Use of surface plasmon resonance for real-time analysis of the interaction of ZO-1 and occludin
- PMID: 11700038
- DOI: 10.1006/bbrc.2001.5914
Use of surface plasmon resonance for real-time analysis of the interaction of ZO-1 and occludin
Abstract
Surface plasmon resonance (SPR) spectroscopy was applied to study in real time, the interaction between the tight junction proteins ZO-1 and occludin. To imitate the morphology of tight junctions, a cytosolic tail of mouse occludin was immobilised at the sensor and guanylate kinase-like domain (Guk) was allowed to pass over the modified chip surface. The Guk domain of ZO-1 (residues 644-812) was found to bind to the cytoplasmic, carboxy-terminal region of occludin (residues 378-521).

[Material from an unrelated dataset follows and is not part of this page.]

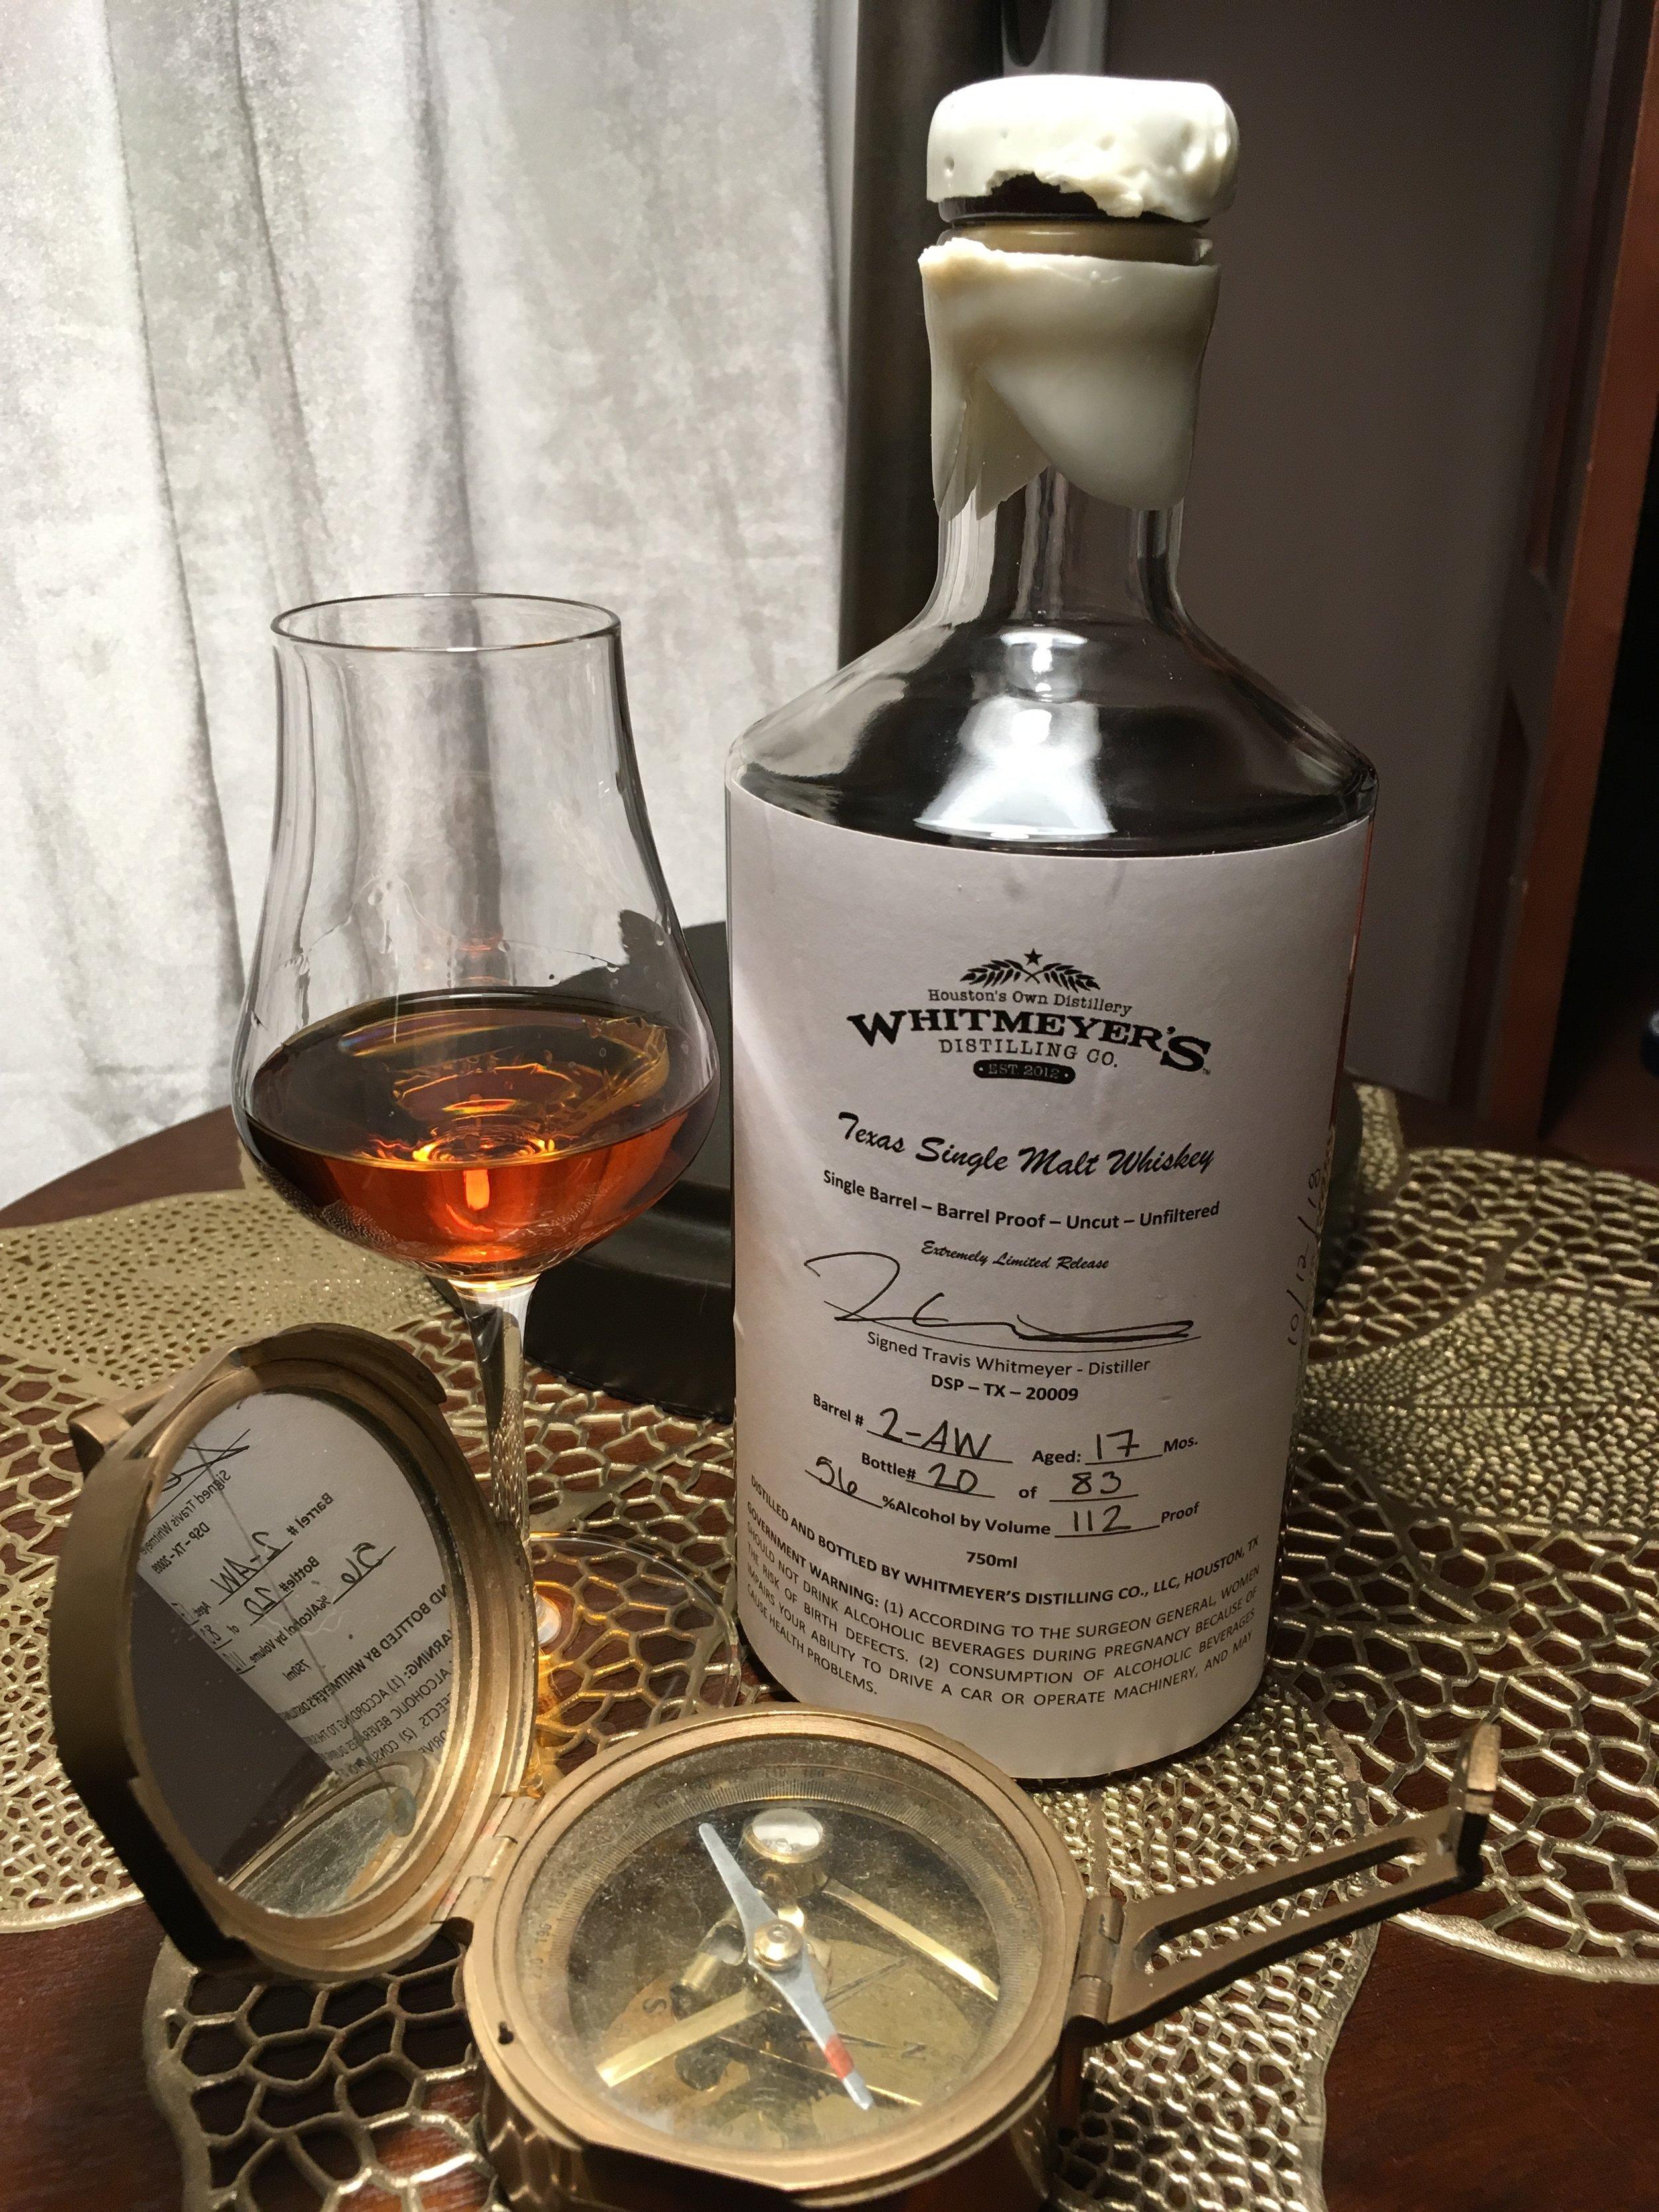 112 proof, grain-to-glass Texas single malt whiskey!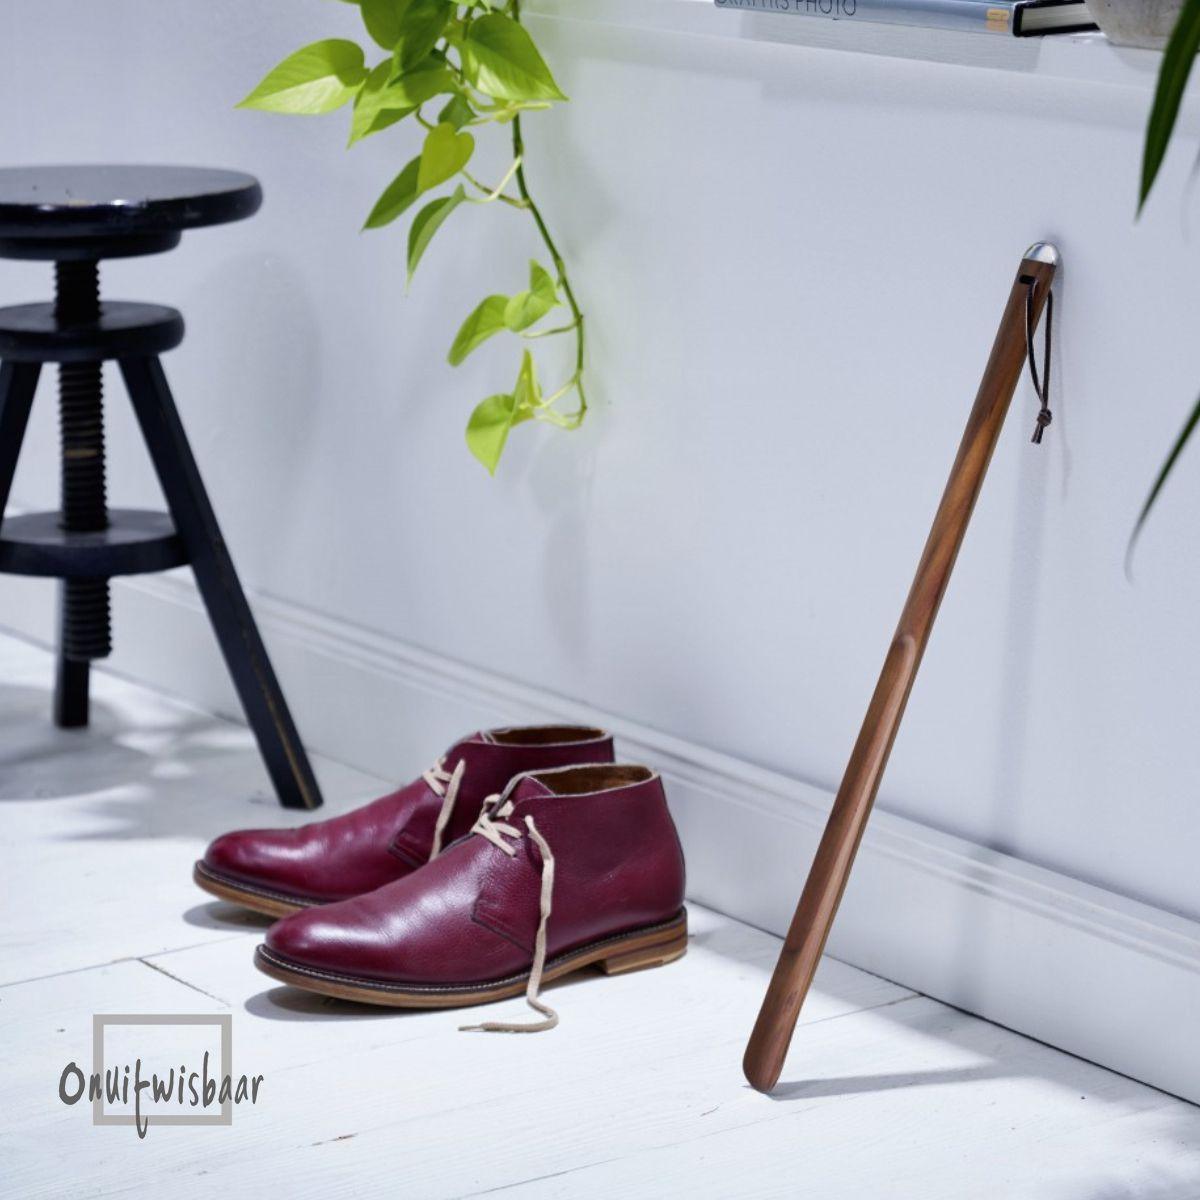 luxe schoenlepel

This interaction was systematically characterised with respect to the concentrations of both proteins and the binding conditions. Under the given experimental conditions, association and dissociation showed saturation kinetics, with affinity in micromolar range: k(a) = 4.14 +/- 0.52 x 10(3) M(-1) s(-1), k(d) = 3.04 +/- 0.38 x 10(-3) s(-1), K(D) = 639 +/- 51 nM. The results support the hypothesis that the Guk domain of ZO-1 is involved in the recruitment of the transmembrane protein occludin at tight junctions by interacting with the cytosolic carboxy-terminal sequence of occludin, located far from the cell membrane. We demonstrate the use of SPR spectroscopy as an effective approach for characterisation of the interactions of junction proteins.
Copyright 2001 Academic Press.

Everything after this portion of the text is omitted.